▶ [Work to complete]: Only one stretch of the material below is wanted: everything from the line containing "Man wearing mask, covid-19." down to the line containing "Kaari Blue Black", both ends included. Repeat it exactly and skip the pictures.

Input for this task below:

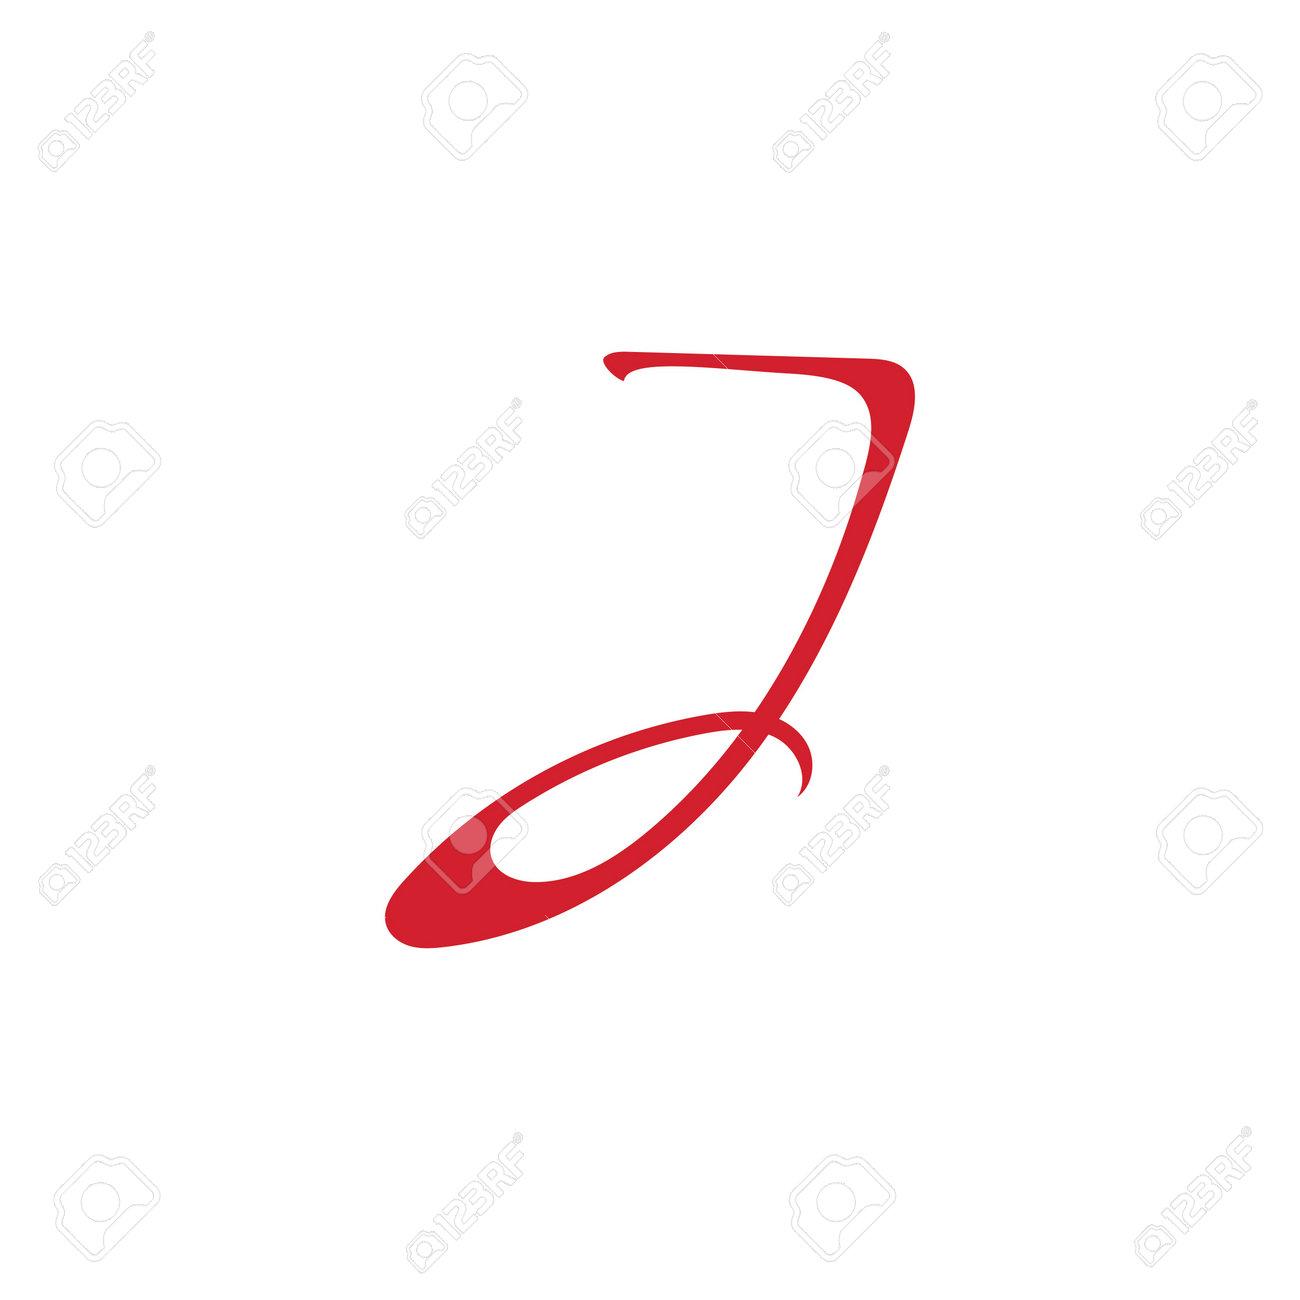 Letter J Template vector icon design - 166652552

End of Input for this task.
Input for this task below:

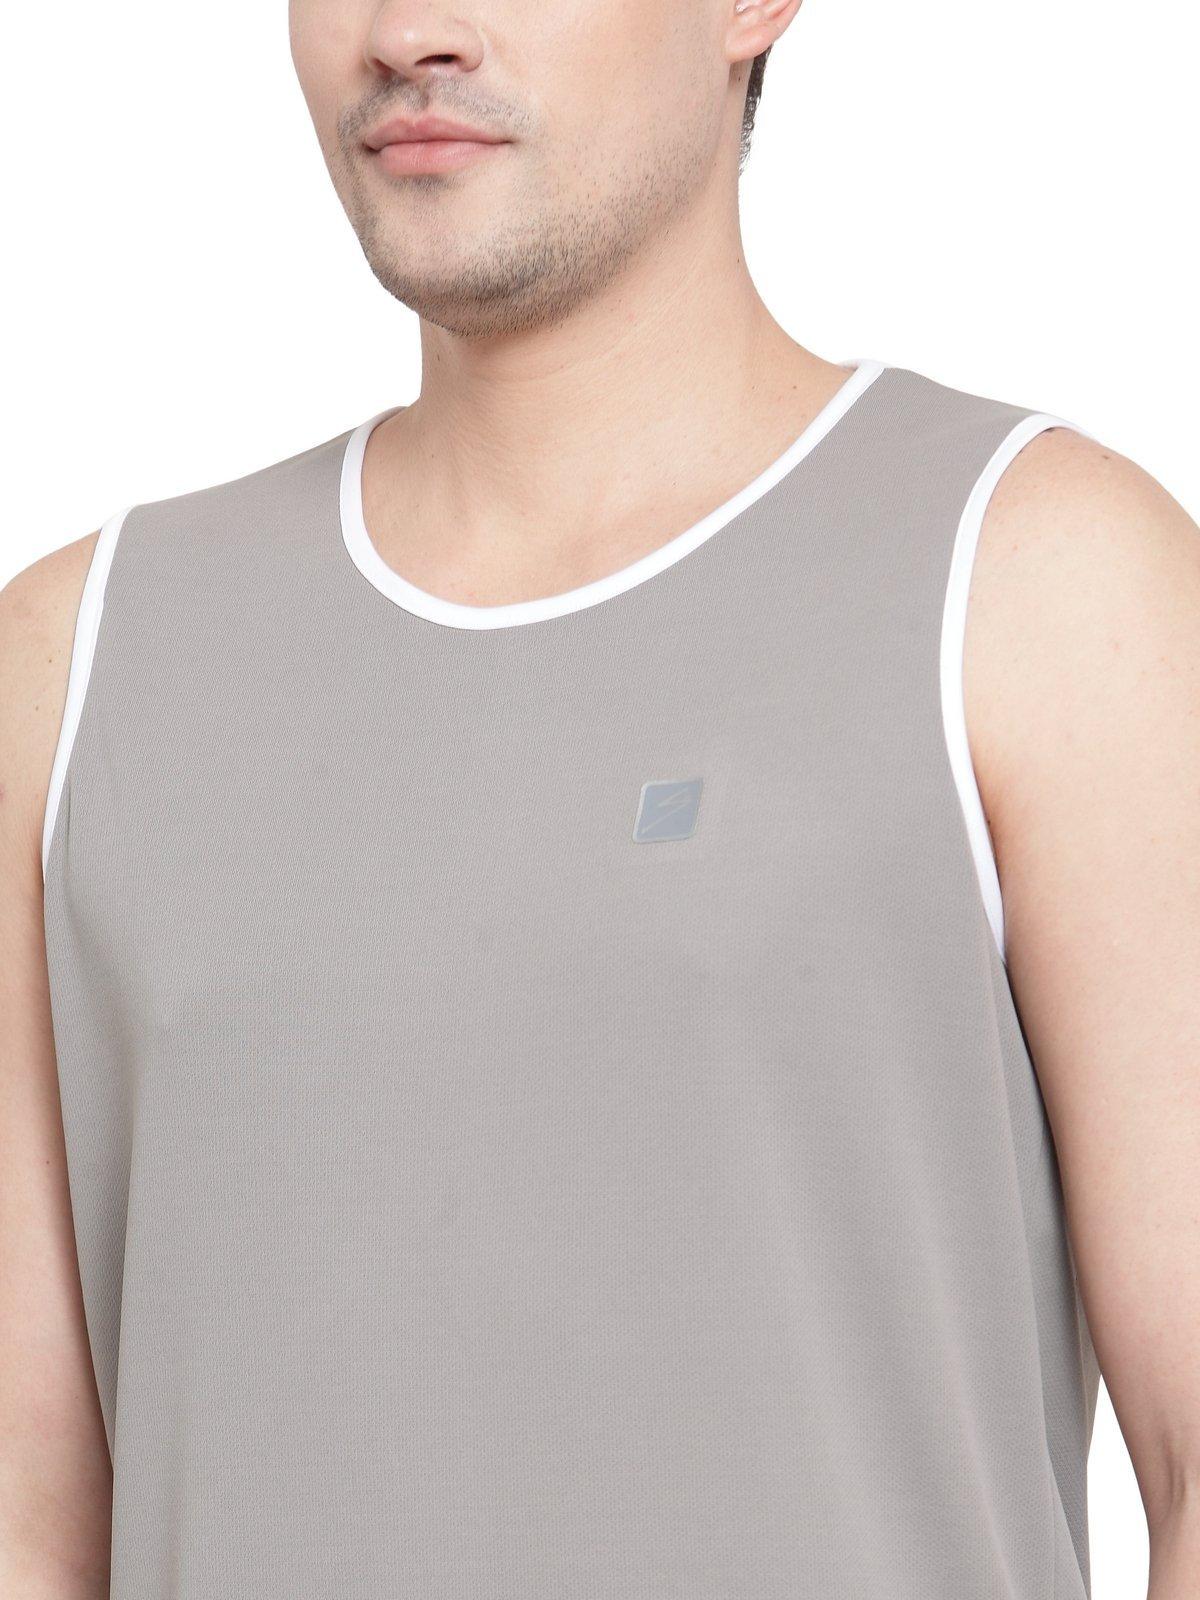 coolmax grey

End of Input for this task.
Input for this task below:

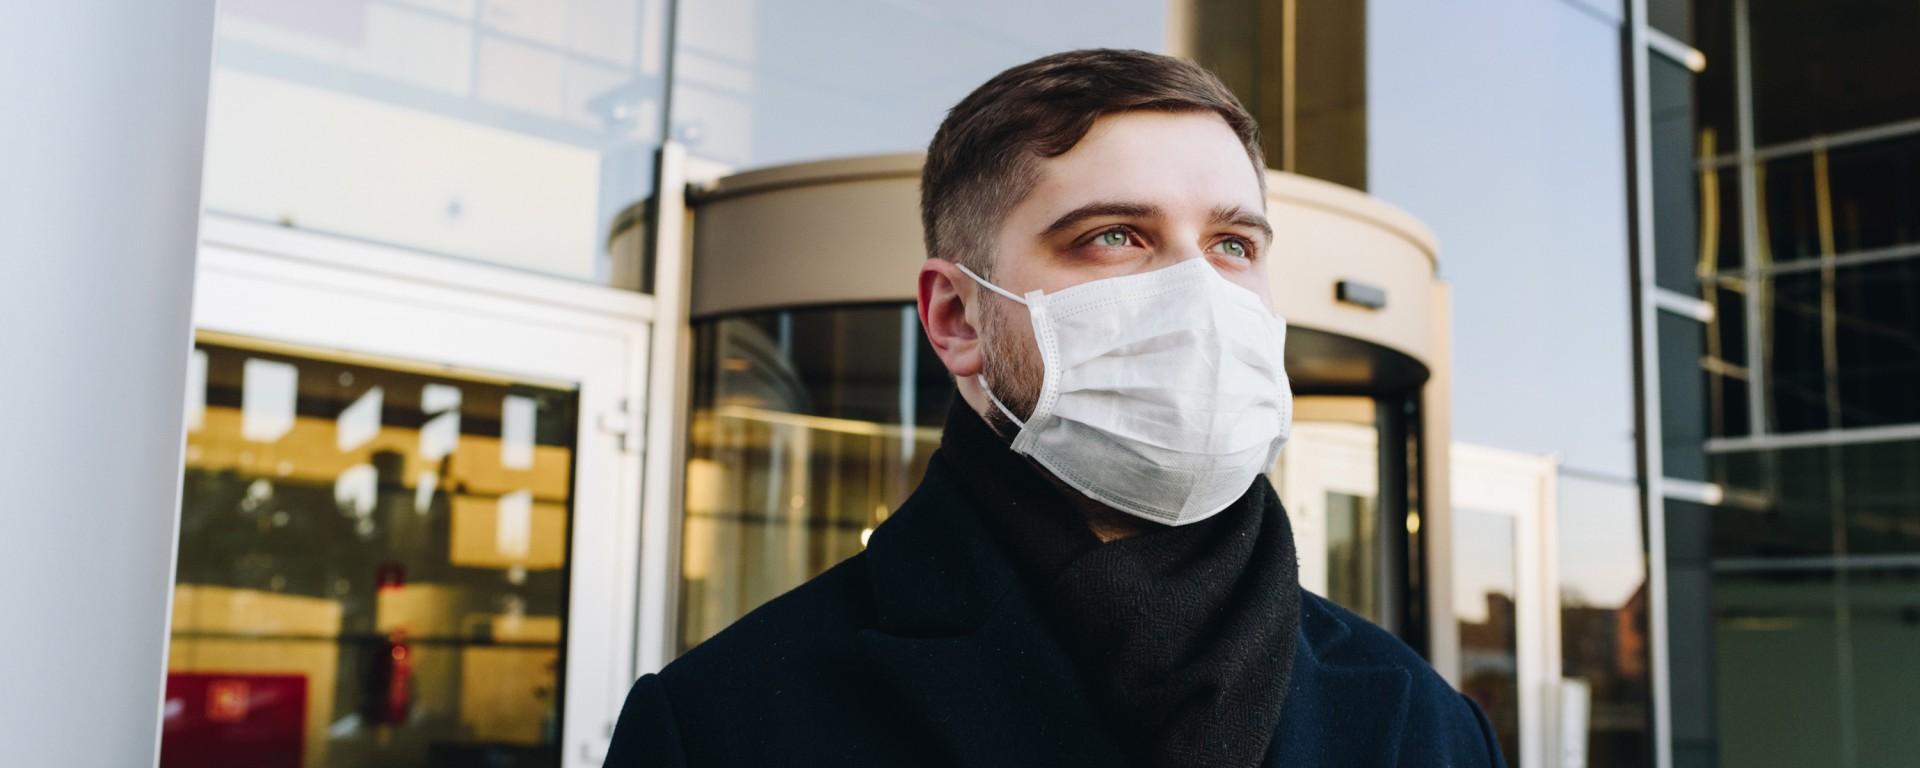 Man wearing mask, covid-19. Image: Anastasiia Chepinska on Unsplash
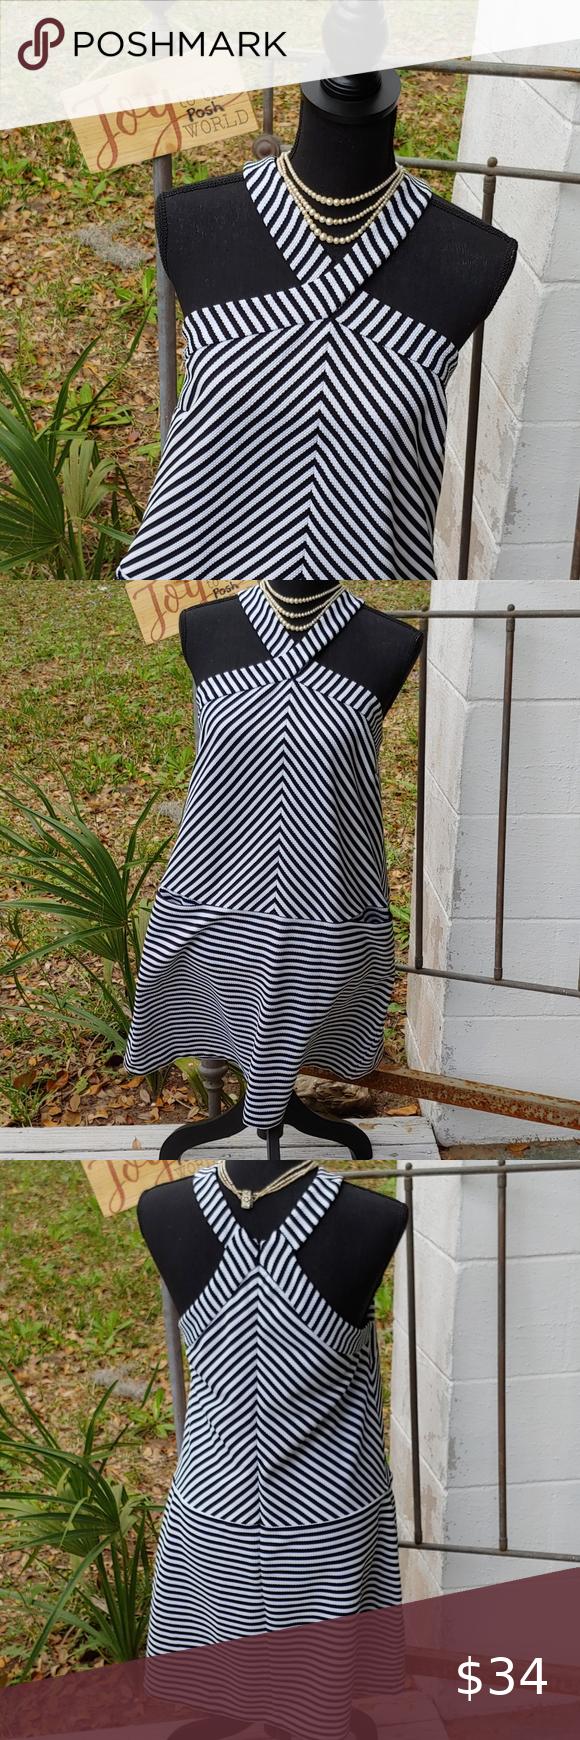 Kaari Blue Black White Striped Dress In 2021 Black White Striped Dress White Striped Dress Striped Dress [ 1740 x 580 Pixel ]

End of Input for this task.

▶ [Result for this task]:
 Man wearing mask, covid-19. Image: Anastasiia Chepinska on Unsplash
 Kaari Blue Black White Striped Dress In 2021 Black White Striped Dress White Striped Dress Striped Dress [ 1740 x 580 Pixel ]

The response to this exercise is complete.